Three federal agencies released a joint report Tuesday calling on companies to brace themselves against dangers presented by AI-generated media, particularly deepfakes, that increasingly threaten to undermine trust in and authenticity of various forms of digital media.
The FBI, National Security Agency, and Cybersecurity and Infrastructure Security Agency released the 18-page information sheet, which overviews how deepfakes can impact organizations, the emerging trends in these threats, and extensive recommendations for resisting deepfakes.
“Deepfakes are a particularly concerning type of synthetic media that utilizes artificial intelligence/machine learning (AI/ML) to create believable and highly realistic media,” reads the information sheet. Abusive techniques that leverage this tech “threaten an organization’s brand, impersonate leaders and financial officers,” and can “enable access to an organization’s networks, communications and sensitive information.”
The information sheet forecasted that “phishing using deepfakes” (impersonation schemes that involve synthetic video and or audio) will eventually become “an even harder challenge than it is today,” and the agencies advised companies to “proactively prepare to identify and counter it.”
Deepfakes get their name from deep learning, which is a class of machine learning algorithms that uses multiple layers of neural networks to extract progressively higher-level features from data.
For example, in a deep learning algorithm trained to recognize language, one layer might parse basic parts of speech (verbs, nouns, adjectives, etc.) while the next layer might parse basic sentence structures.
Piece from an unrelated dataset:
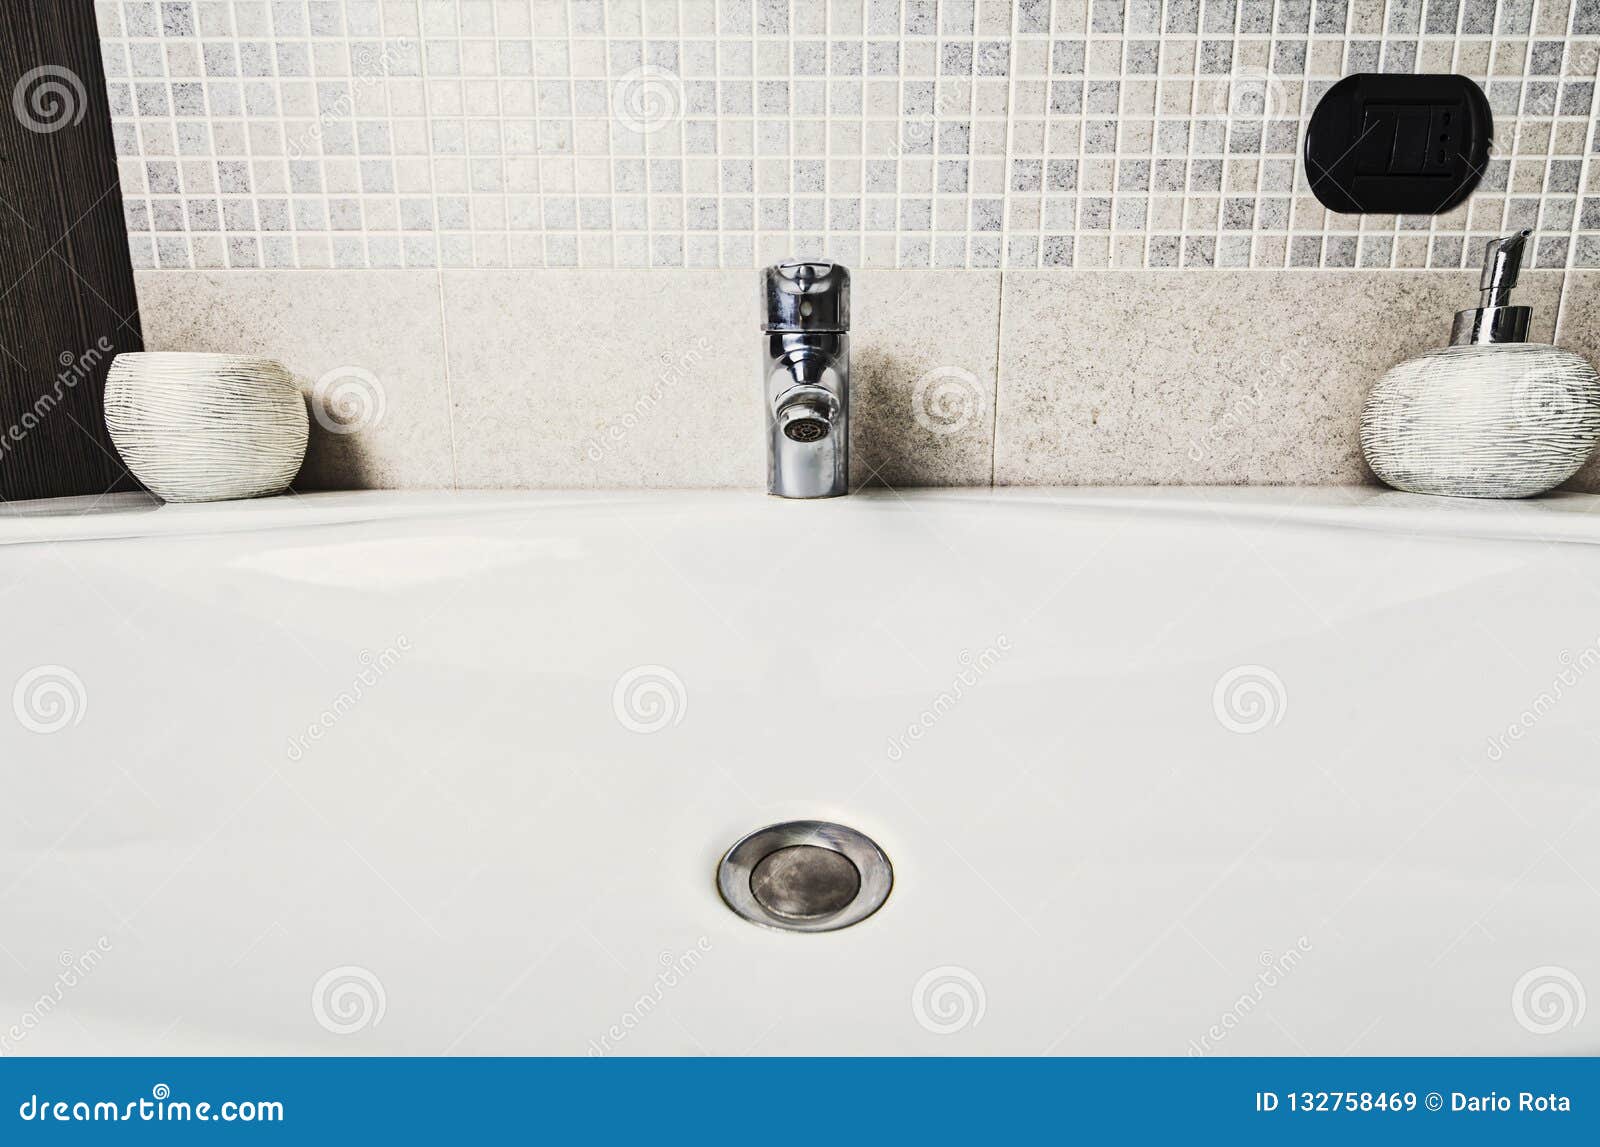 Spa Sink And Faucet Stock Image Image Of Serpentine 132758469

Progressively deeper layers might parse more complex linguistic features and context, like idioms or sentiments.
Just as large language models have recently begun to display mastery of high-order features of language — for example, how to follow written instructions — models designed to generate photos have also gained in their capabilities, with OpenAI’s DALL•E and Stability AI’s Stable Diffusion the most popular examples. Video and audio generation has also gained, according to Rijul Gupta, CEO and co-founder of AI communications company DeepMedia.
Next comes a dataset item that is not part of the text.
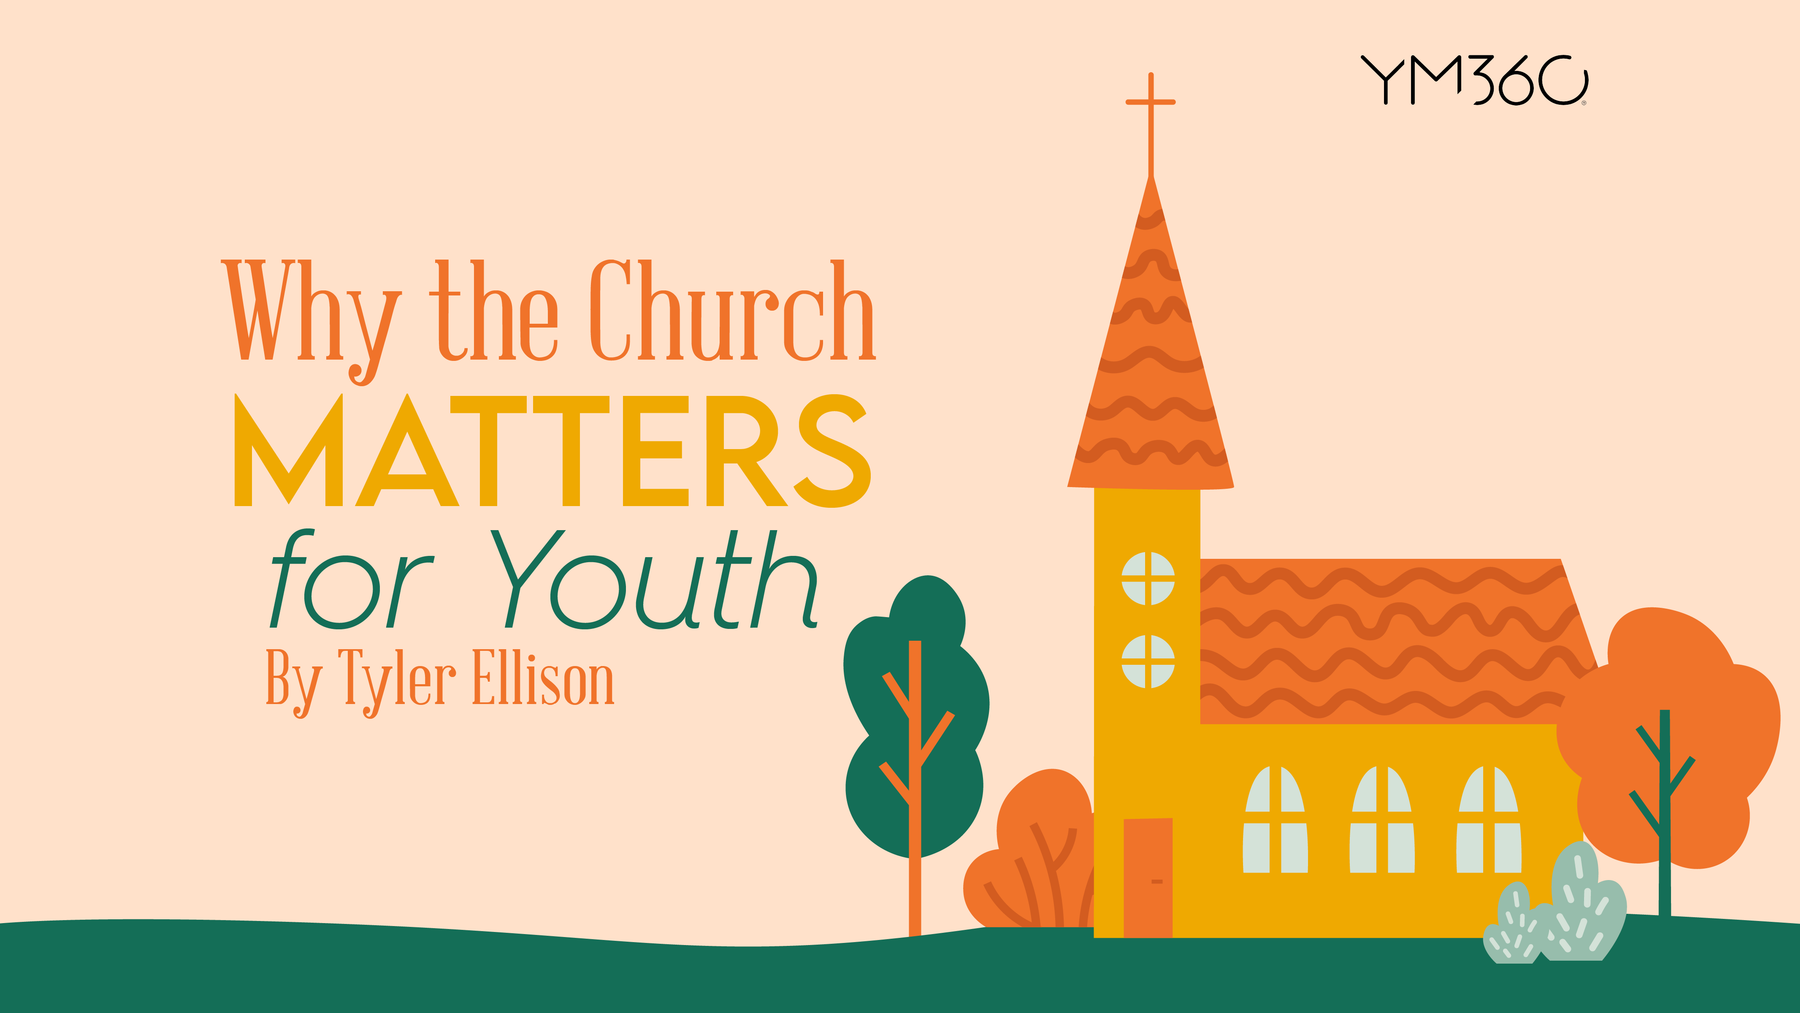 Why the Church Matters for Youth

“Deepfakes have gotten more sophisticated — not to mention easier to create — over the years,” Gupta said. “Today, a hacker can manipulate a person’s voice using just seconds of audio.”
The FBI, NSA and CISA highlighted two examples in their joint report of unknown malicious actors deploying deepfakes in May as part of a phishing campaign. In one case, a product line manager was contacted over WhatsApp and invited to a call with a sender claiming to be the CEO of the same company.
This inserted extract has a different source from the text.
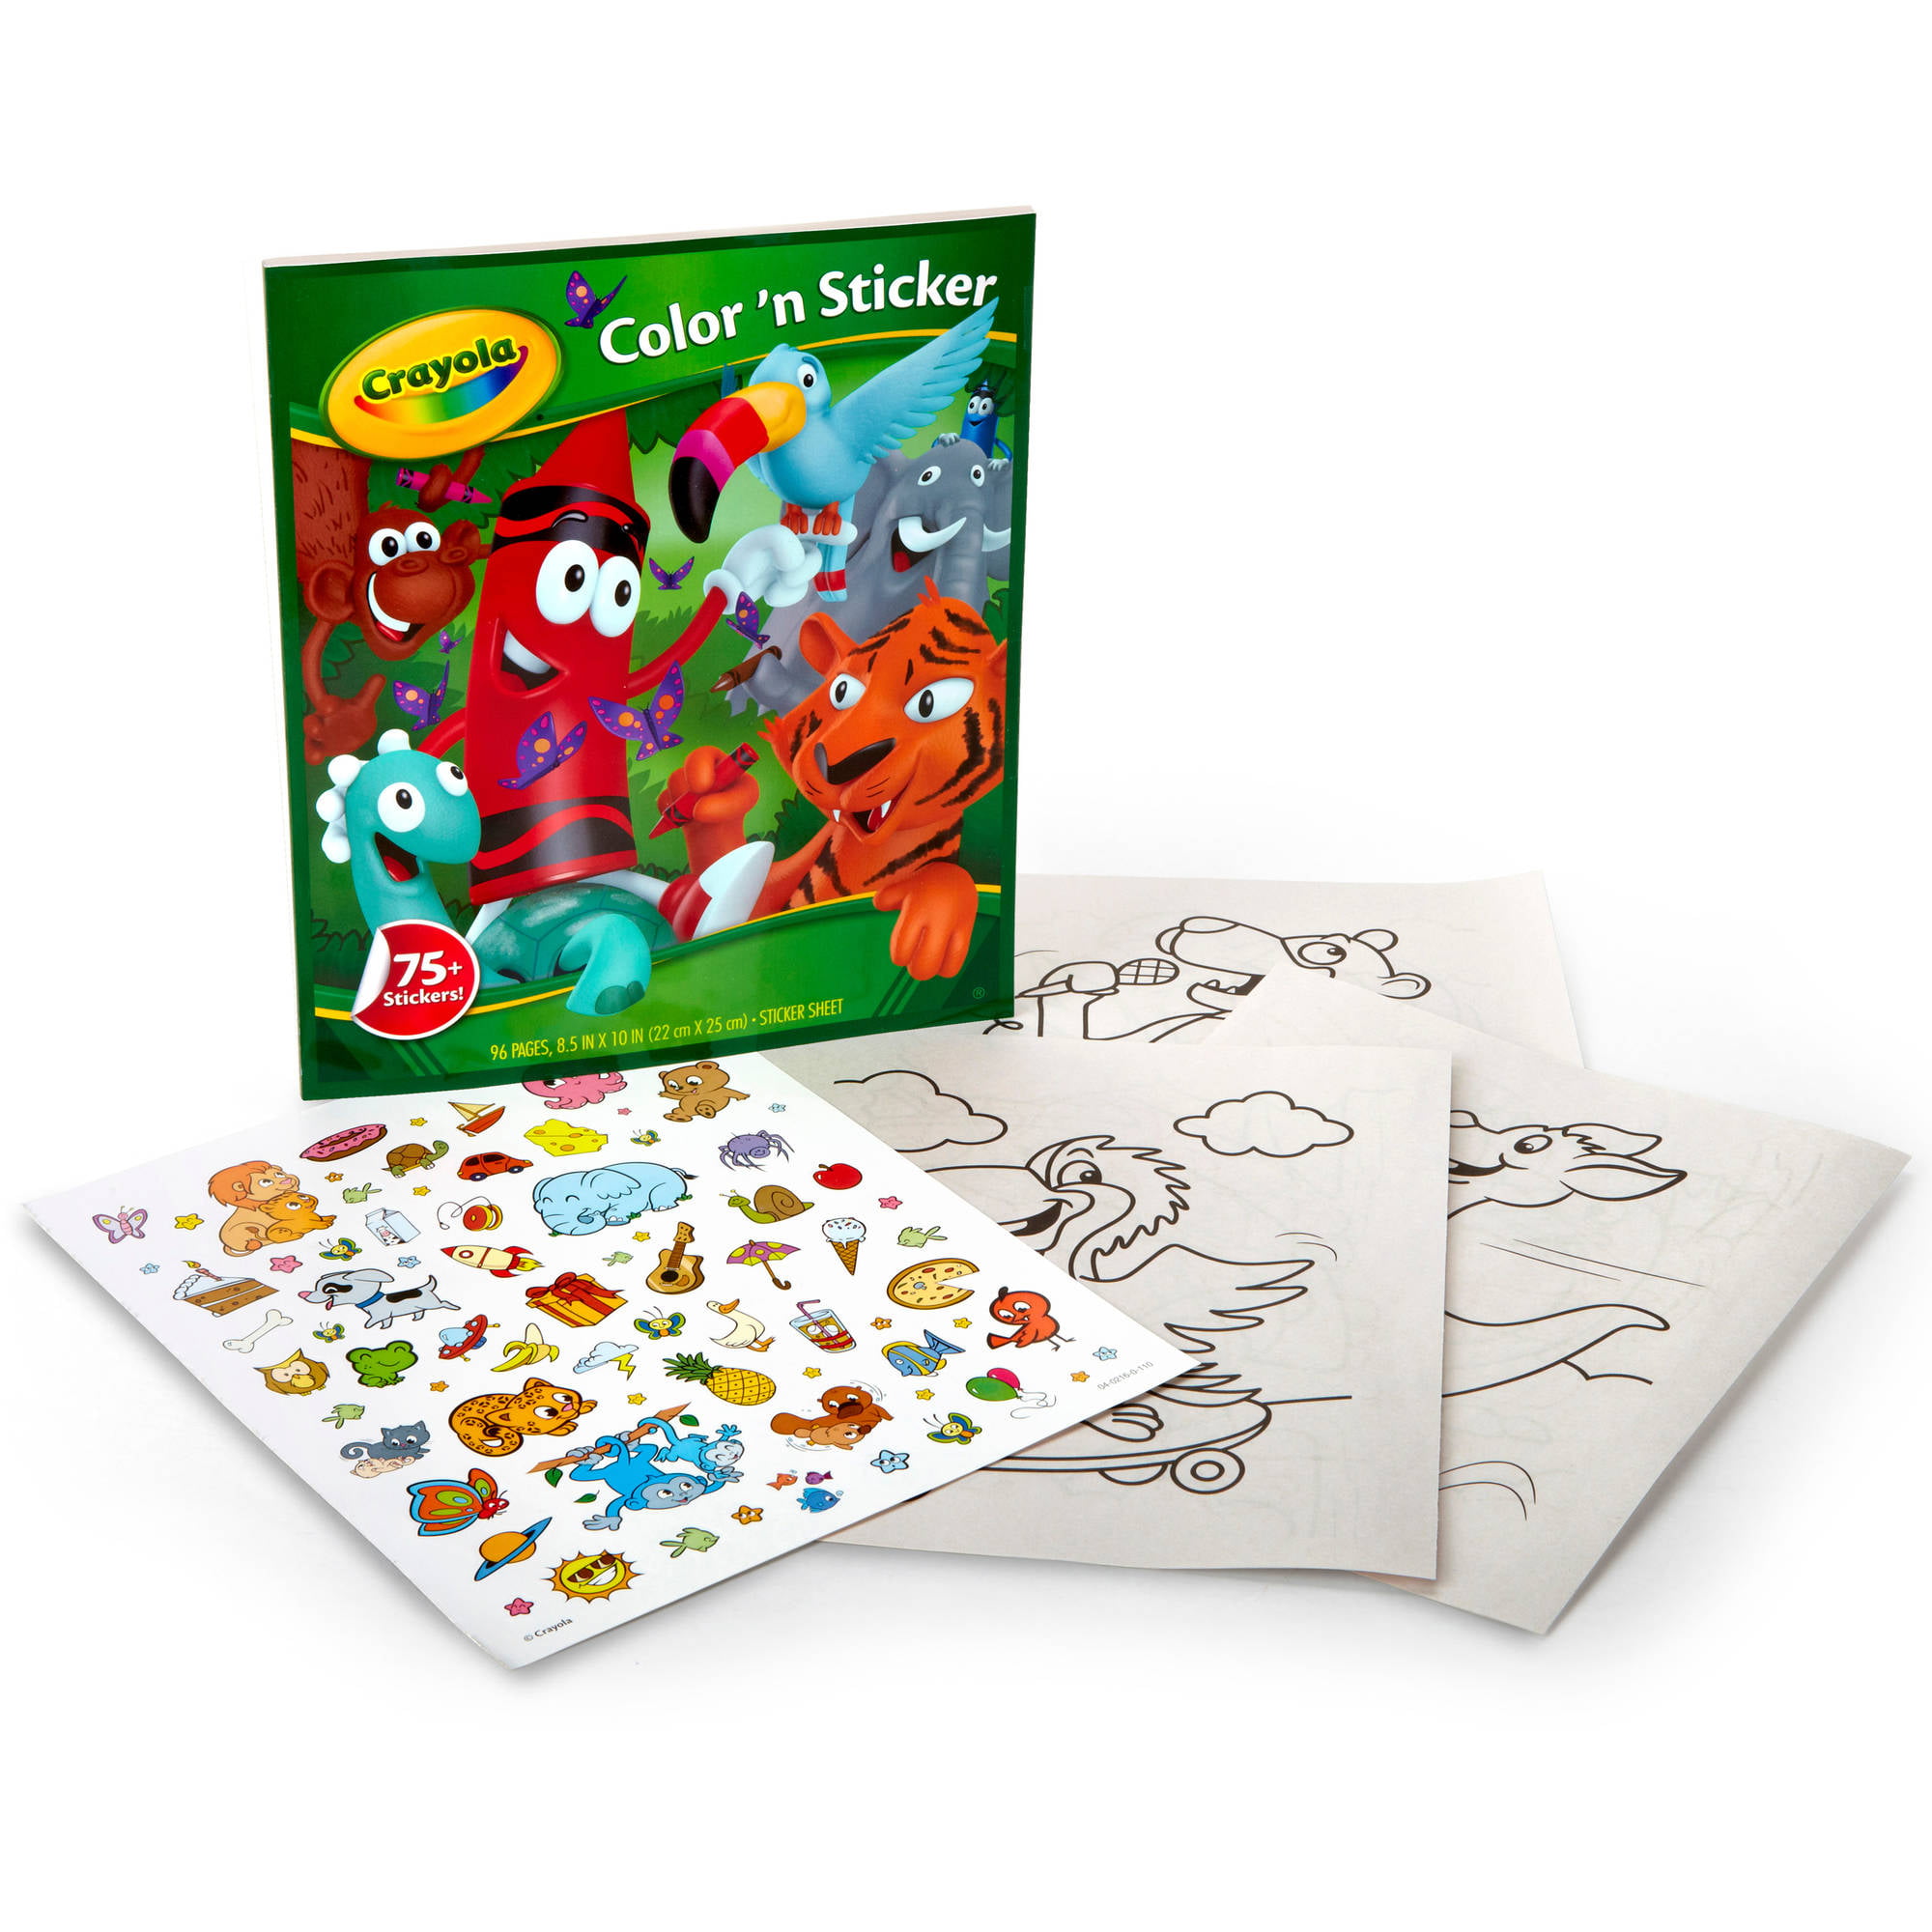 Download Crayola Jungle Animal Coloring Book With 50 Stickers Gift For Kids 96 Pages Walmart Com Walmart Com

“The voice sounded like the CEO and the image and background used likely matched an existing image from several years before and the home background belonging to the CEO,” the agencies reported.
A similar scheme also involved a CEO impersonator conducting video calls with an employee over both WhatsApp and Microsoft Teams, then switching to text because the connection was poor. In this case, the employee caught on and terminated communication. The agencies said the same, unnamed executive had been impersonated via text message on other occasions.
Although cybercriminals have deployed deepfakes to defraud organizations for financial gain, there are “limited indications of significant use of synthetic media techniques by malicious state-sponsored actors,” according to the agencies.
However, “the increasing availability and efficiency of synthetic media techniques available to less capable malicious cyber actors indicate these types of techniques will likely increase in frequency and sophistication,” the agencies said.
Deepfakes that mimic a person’s voice and face have advanced for many of the same reasons that large language models have recently become so capable, according to the federal agencies’ information sheet — “advances in computational power” and technology such as deep learning have made it easier not just to create fake multimedia, “but also less expensive to mass produce,” the document said.
These advances offer defensive capabilities, as well, according to Yinglian Xie, CEO and co-founder of fraud prevention firm DataVisor, enabling companies to build models that recognize subtle but certain signs of deepfakes.
“By training these systems with real-world examples of deepfake attacks, their ability to recognize and counter such threats will improve significantly over time,” Xie said.
Beyond deploying deepfake detection technologies, the federal agencies that issued the Tuesday report had many additional recommendations for companies looking to protect themselves against deepfakes. These include recording and making copies of suspicious media, using reverse image searches, and examining content metadata.
The agencies also listed more advanced examinations that companies can conduct on suspicious media. These include physics-based examinations (borrowing from Hany Farid, a professor at UC Berkeley who specializes in detecting digitally manipulated images) and content-based examinations, which can be done with numerous free and open source tools, many of which are cataloged by the Antispoofing Wiki project.